Wine, Love and Spirituality

by Dwight Furrow

This is what it is to go aright, or to be led by another into the mystery of Love: one goes always upwards for the sake of this Beauty starting out from beautiful things and using them like rising stairs…. (211 c-d, Plato's Symposium)

Dionysus,_God_of_WineWe throw the word “love” around without really meaning it. We “love” ice cream, sunsets, or the latest soon-to-be-forgotten pop song. But such “love” requires no commitment and hardly seems worthy of being in the same category as the love of one's child or spouse. Yet, some objects or activities are worthy objects of love because they solicit our sustained attention and care—a great work of art, a career, baseball, a religion. For some people wine seems to fall into this latter category of worthy objects of love. Many people abandon lucrative, stable careers for the uncertainties and struggles of winemaking; others spend a lifetime of hard intellectual labor to understand its intricacies; still others circle the globe seeking to sample rare and unusual bottles.
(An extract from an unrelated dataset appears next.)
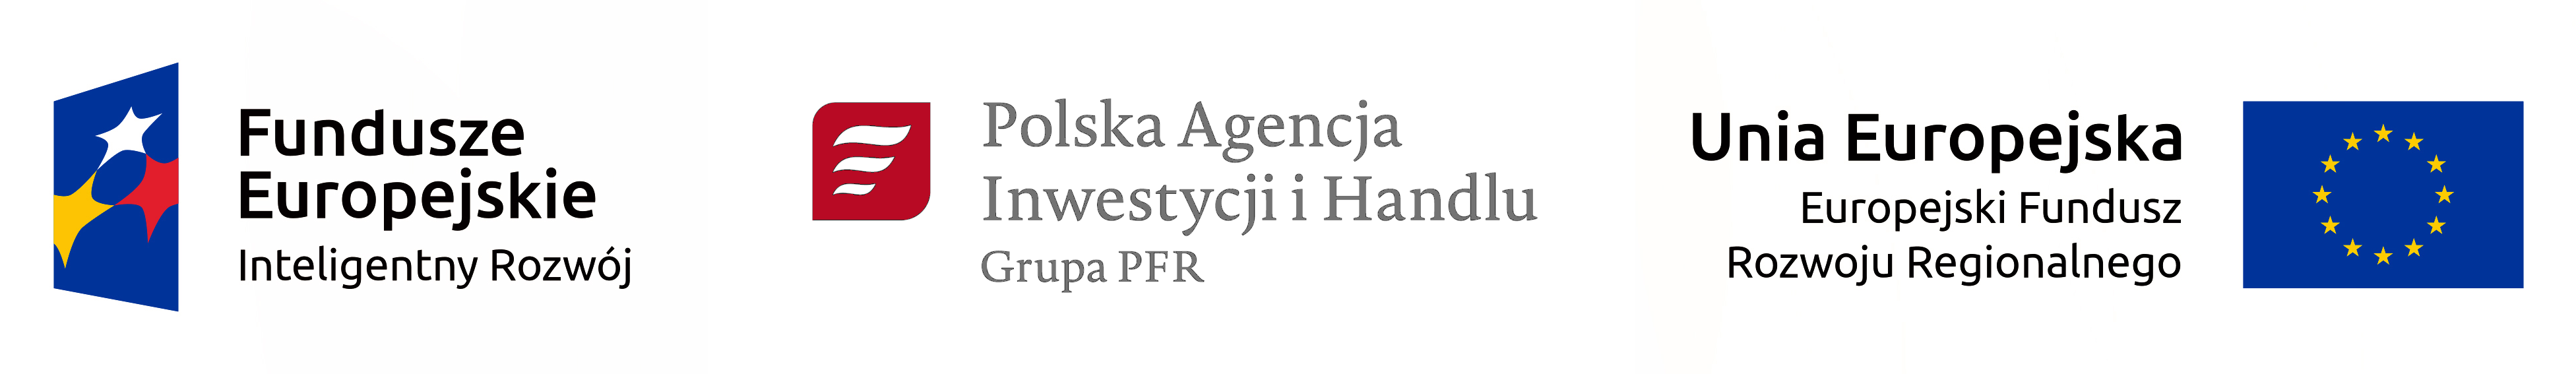 Logotypy w wersji polskiej

Wine seems to have an attraction that goes beyond mere “liking”—a spiritual dimension that requires explanation.

The spiritual dimension of wine has a long history. Dionysus, the Greek god of wine, was said to inhabit the soul with the power of ecstasy—the Ancient Greek word ekstasis meant standing outside the self via madness or artistic expression, and wine was thought to encourage that transformation . The Romans called the same God Bacchus with similar associations. The Judeo/Christian world tames the ecstasy yet still acknowledges the virtues of wine. Judaism has long included wine in its rituals for which it incorporates a specific blessing, and of course, for Christians, wine represents the blood of Christ and gets a number of mentions in the Bible. Other alcoholic beverages have existed for as long or longer than wine, but none have its spiritual connotations.

Today, wine is just one among many alcoholic beverages consumed in great quantities. Yet it sustains its sacramental role—as status symbol, fashion statement, a sign of class, refinement, or sophistication, a source of intellectual delight, the object of a quest for a peak experience, or the focal point of social life—all contemporary renditions of “spiritual” some more debased than others.